- _WHAT THE TASK REQUIRES_:
Please repeat only the lines below starting at the line that holds "homegrown gastropub 1080x1080.png" and ending at the line that holds "Fiesta Shamrock Stacking", exactly, with both of those lines included and every picture omitted.

- _INPUT DATA_:
=== Section Start ===
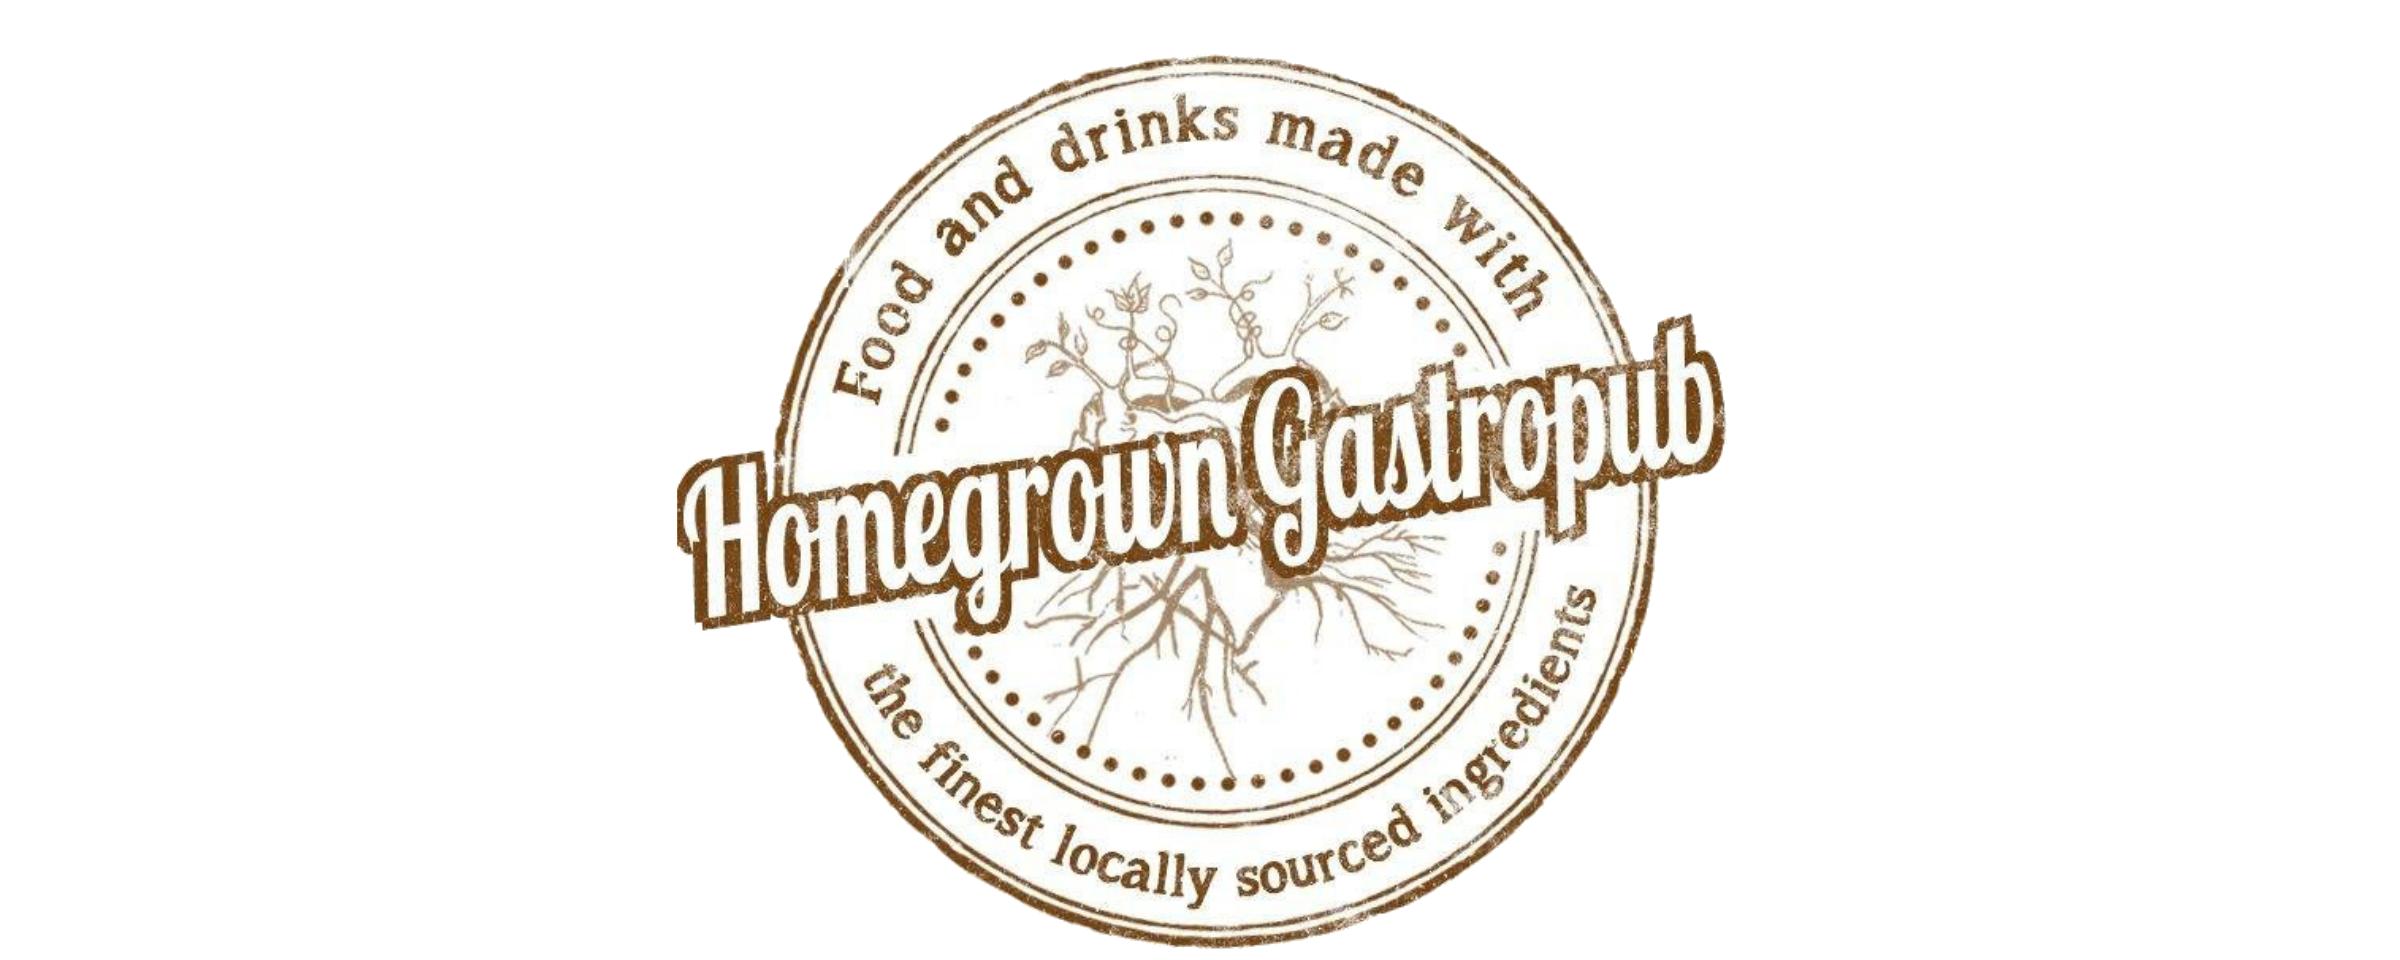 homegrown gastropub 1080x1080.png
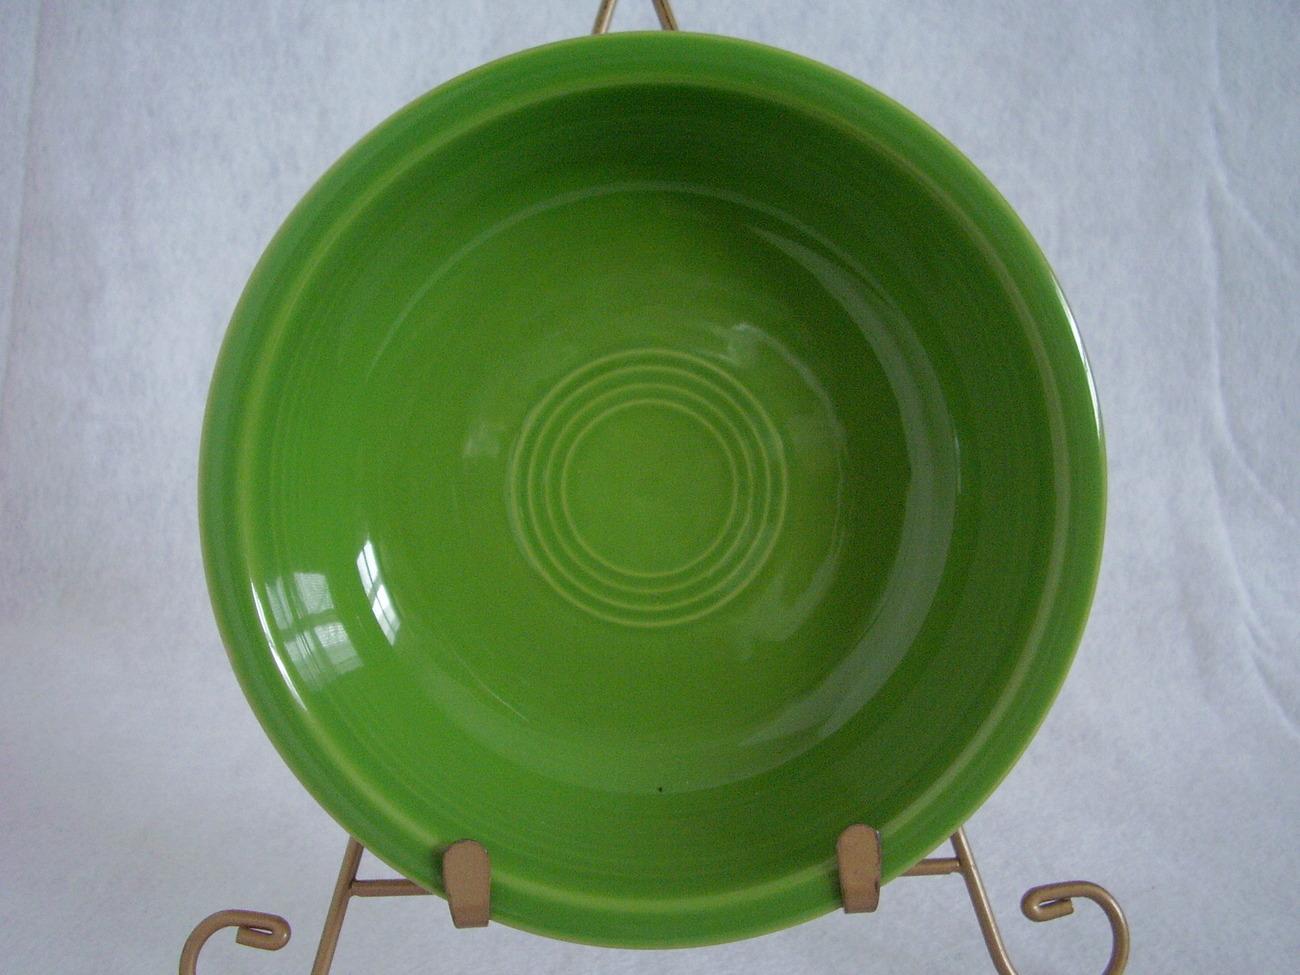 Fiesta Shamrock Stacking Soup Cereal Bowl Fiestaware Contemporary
=== Section End ===
=== Section Start ===
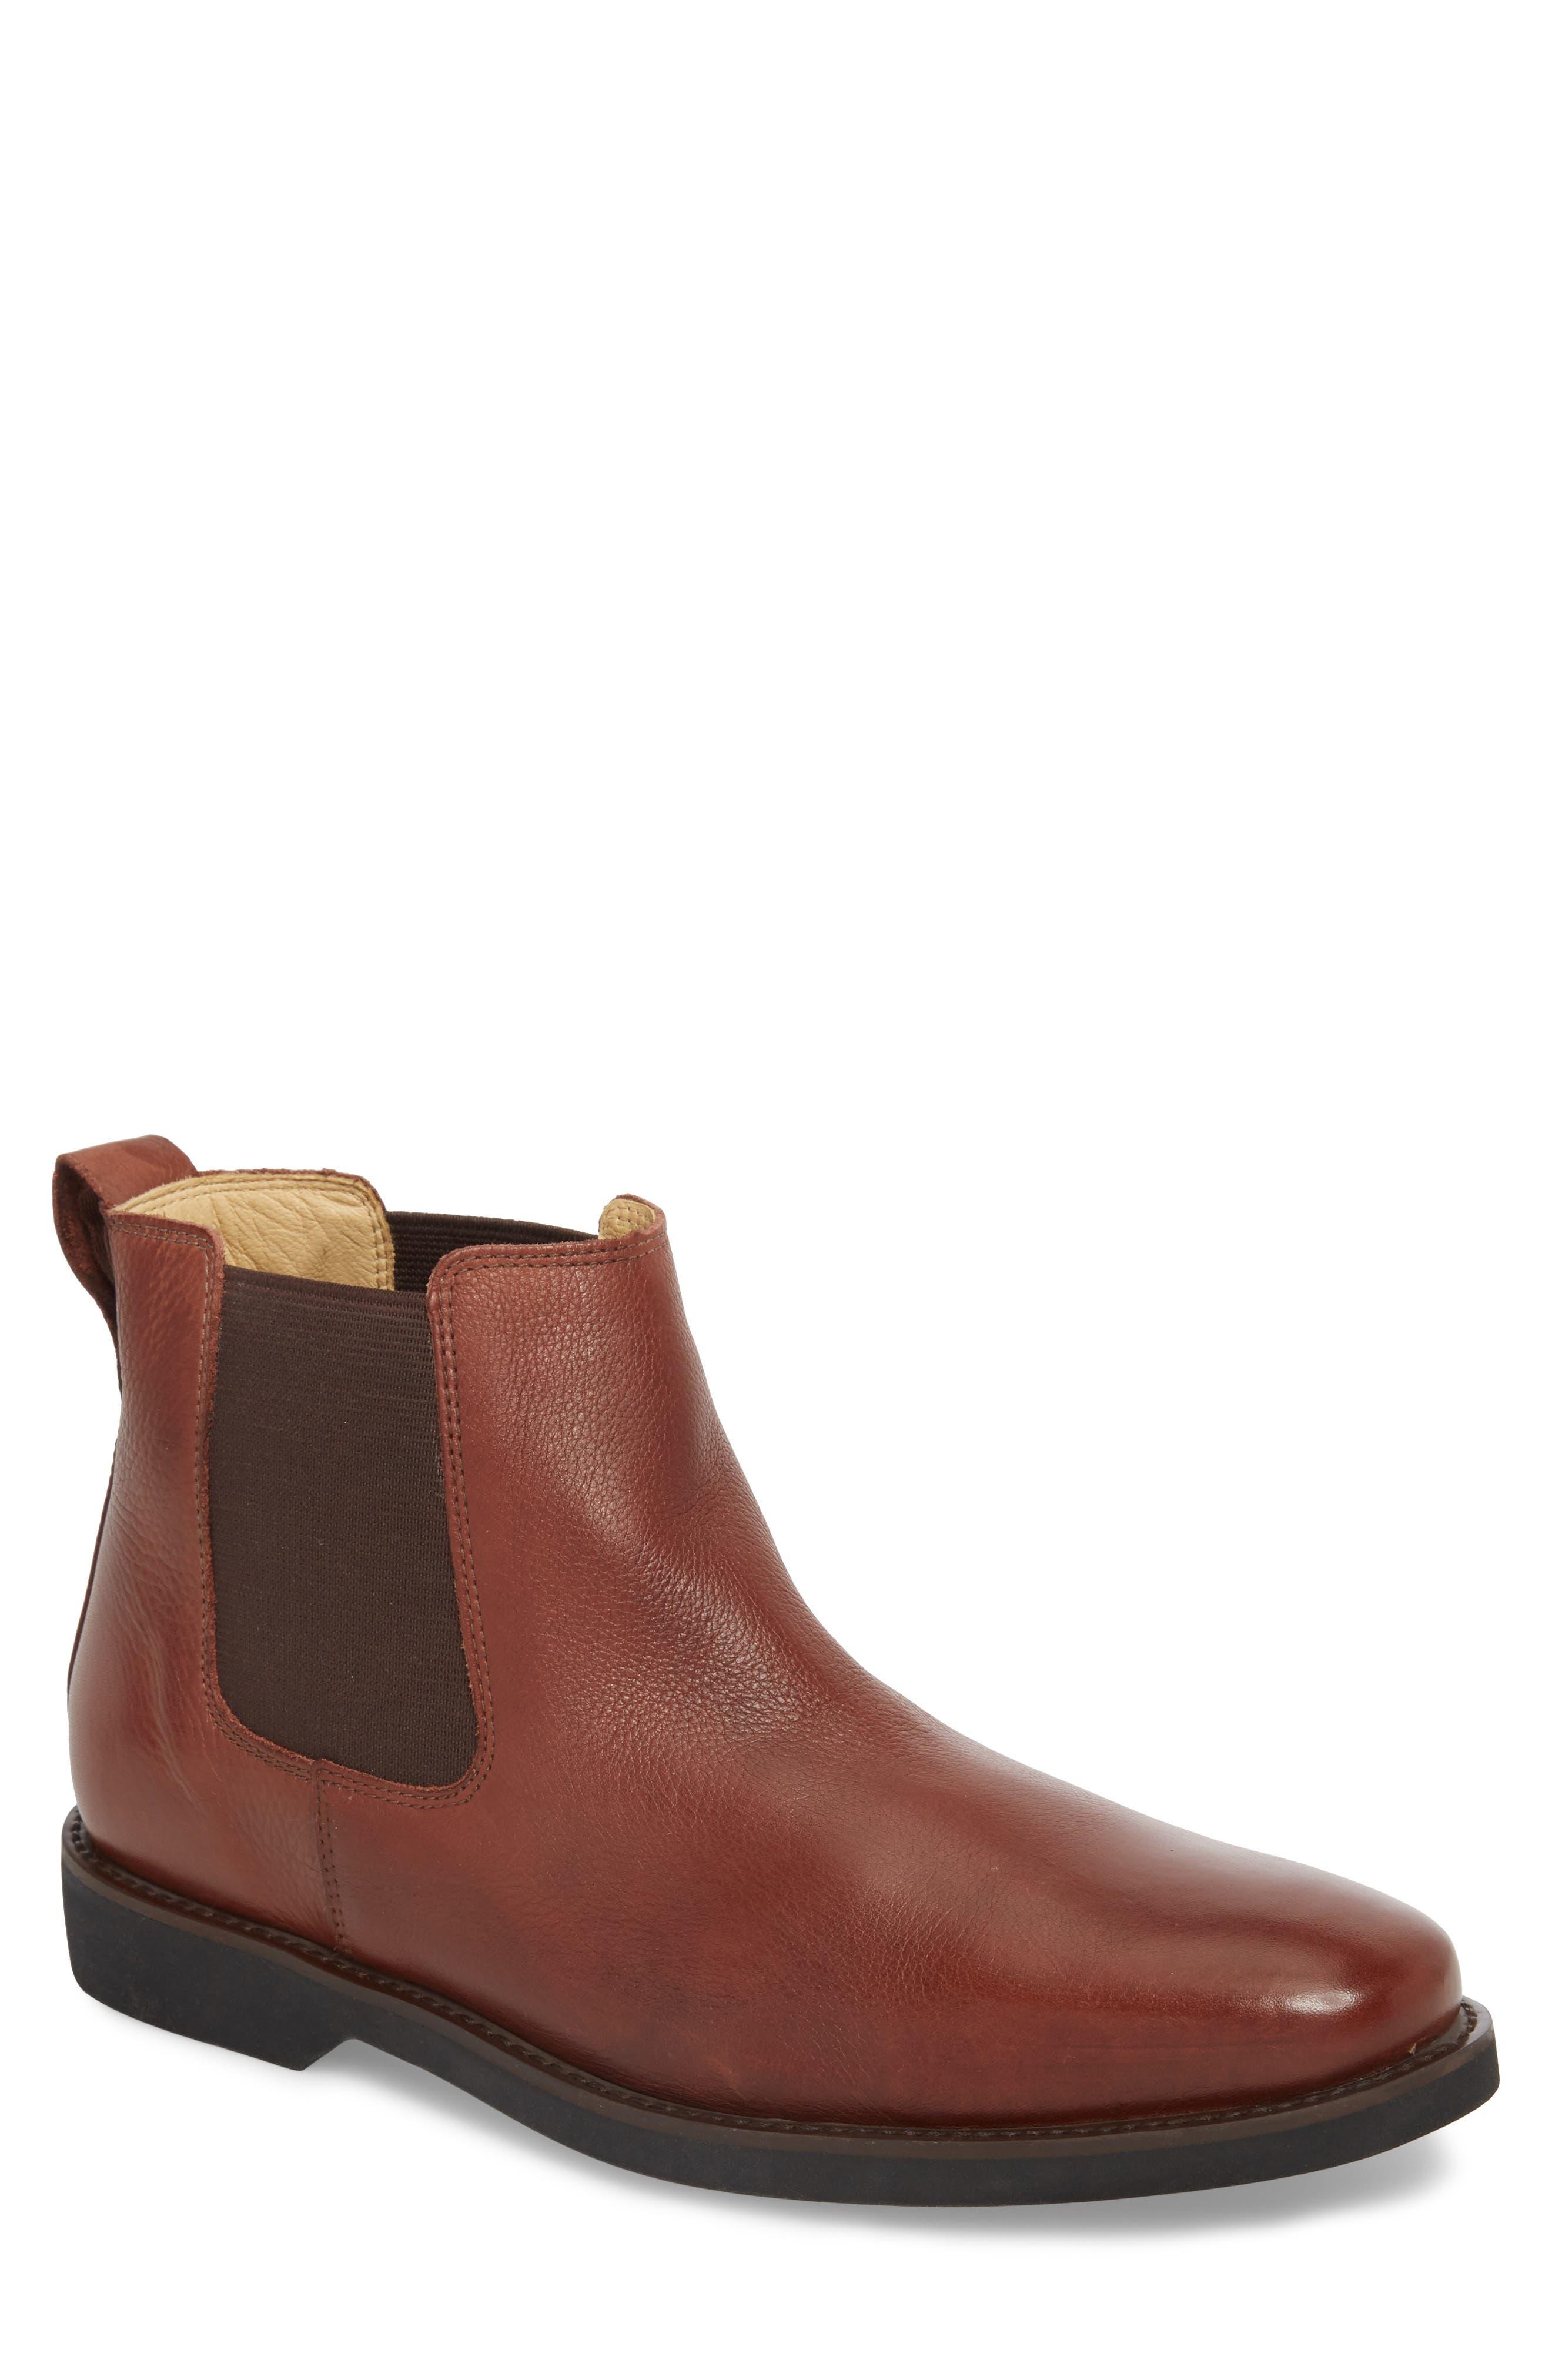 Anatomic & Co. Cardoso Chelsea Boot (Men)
=== Section End ===
=== Section Start ===
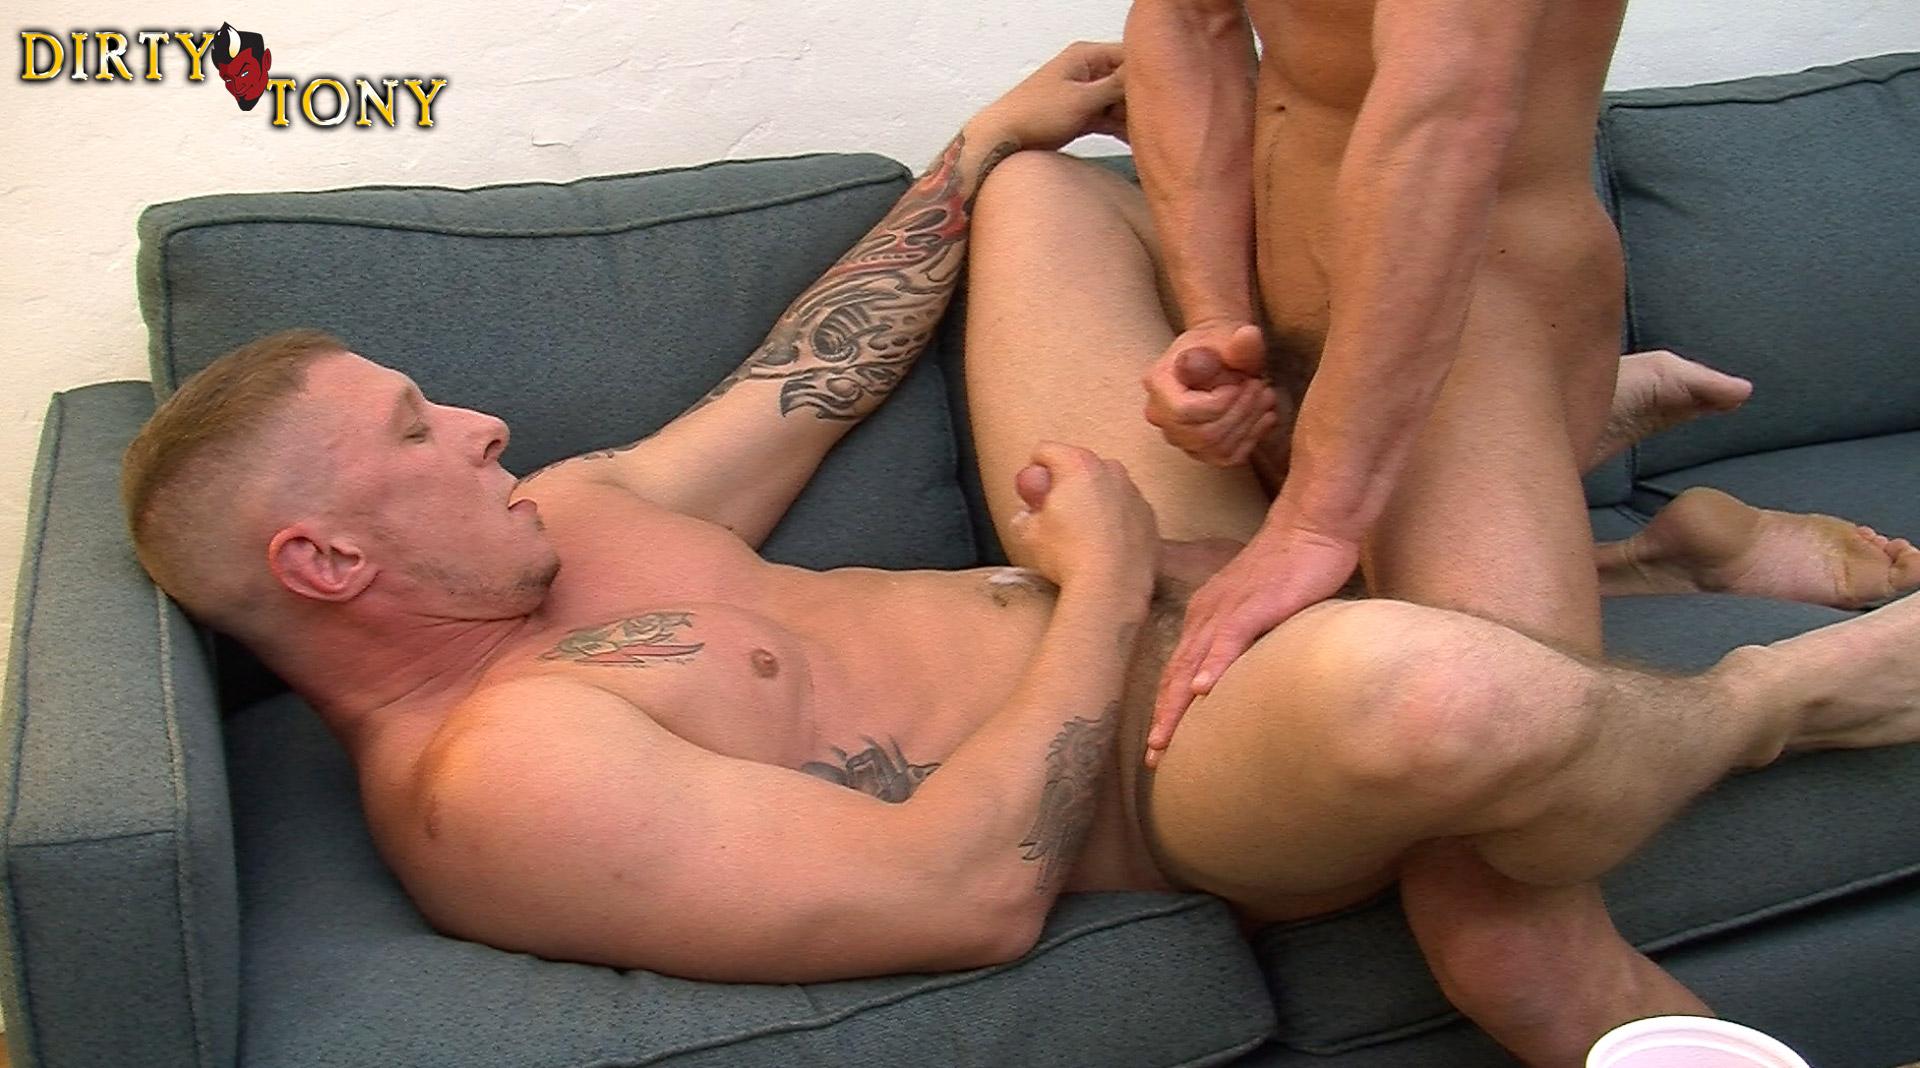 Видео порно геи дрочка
=== Section End ===
- _RESULT_:
 homegrown gastropub 1080x1080.png
 Fiesta Shamrock Stacking Soup Cereal Bowl Fiestaware Contemporary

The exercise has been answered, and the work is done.